Not-White-Enough, but still not aware…

Of course, the importance of racism and xenophobia should not be underestimated.  Negative and even hostile attitude of the White British is often experienced by immigrants in the UK, including those coming from Eastern Europe, stigmatised as ‘not white enough’ (Manley, Khattab and Johnston, 2019, pp. 926-927; Rzepnikowska, 2019, pp. 63-64).  However intersectionality approach and superdiversity concept prescribe a broader analysis, considering the factors of class, gender, age and health condition (Brynin, Longhi and Zwysen, 2019; Vertovec, 2007). 

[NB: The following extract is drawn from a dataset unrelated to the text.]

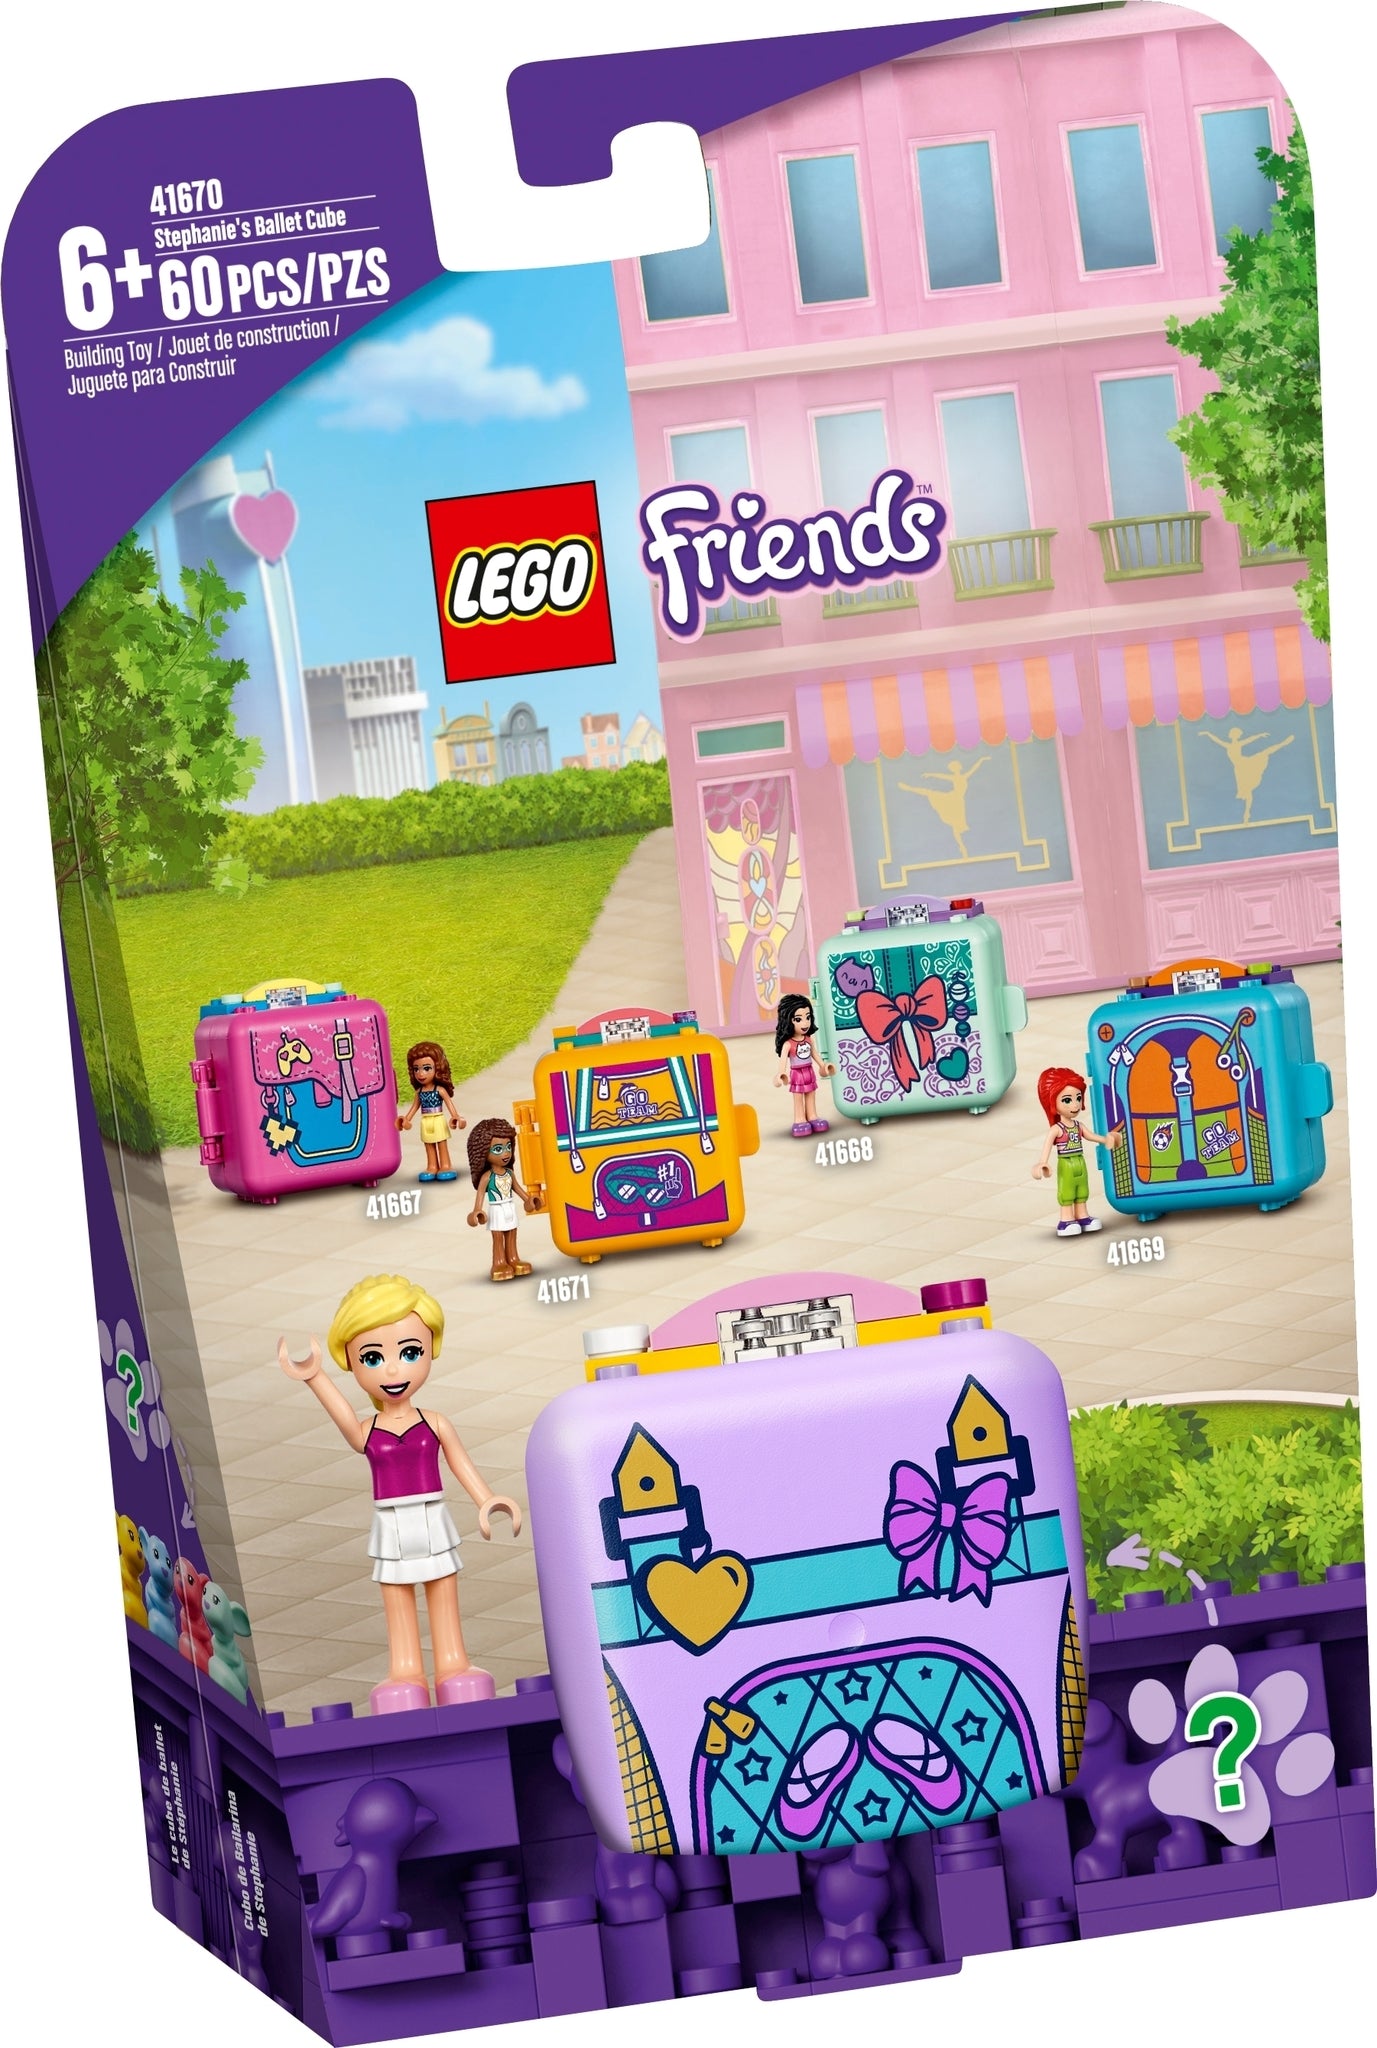 41670 LEGO Friends - Il Cubo del Balletto di Stephanie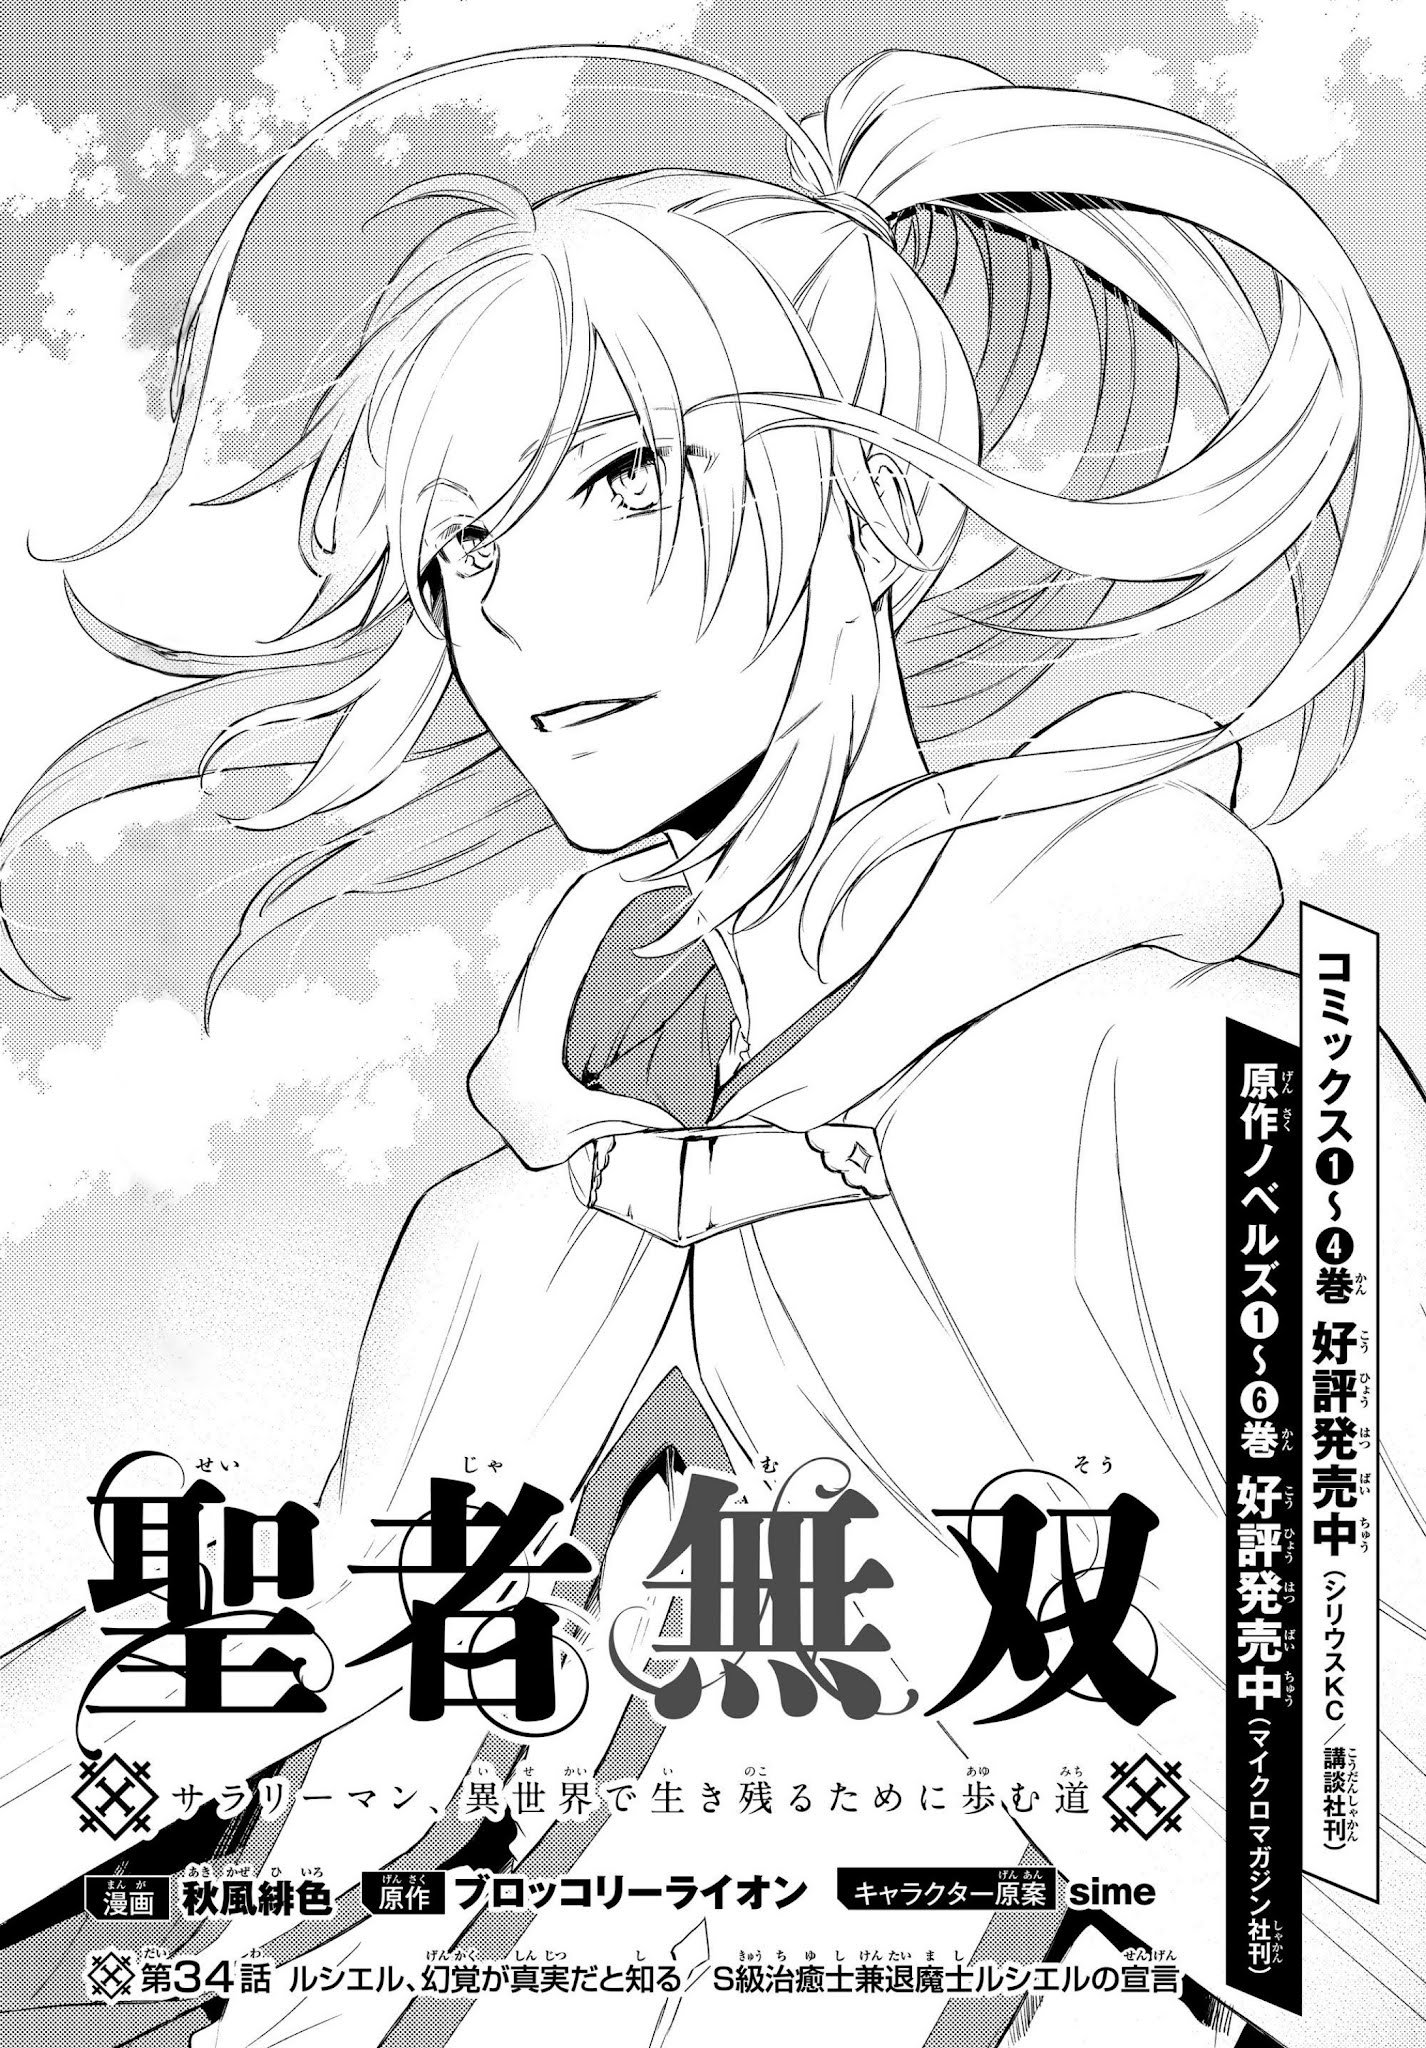 Seija Musou: Salaryman, Isekai De Ikinokoru Tame Ni Ayumu Michi - chapter 34 - #3

There should be examined not only subjective feelings of intolerance and alienation, but also the objectivised level of inequality and exploitation in the British labour market.  In fact, as Lukács (1988) has convincingly explained, class affiliation does not have to be self-conscious, but depends solely on our attitude to the means of production.  The dialectic distinction between Klasse an sich and Klasse für sich, a class in itself and a class for itself, questions one of the basic assumptions of liberal, or in fact post-humanist, hegemony – namely, the priority of self-identification, eliminating not only the essence of being a worker (also the migrant one), but even being a human being.  In turn, consciousness while consistent with the objective facts is, in fact, the beginning of organisation, which is an indispensable condition for moving from the position of objects guided by misunderstood ‘impulses’ – to the subjectivity, even within the extremely dehumanized modernity.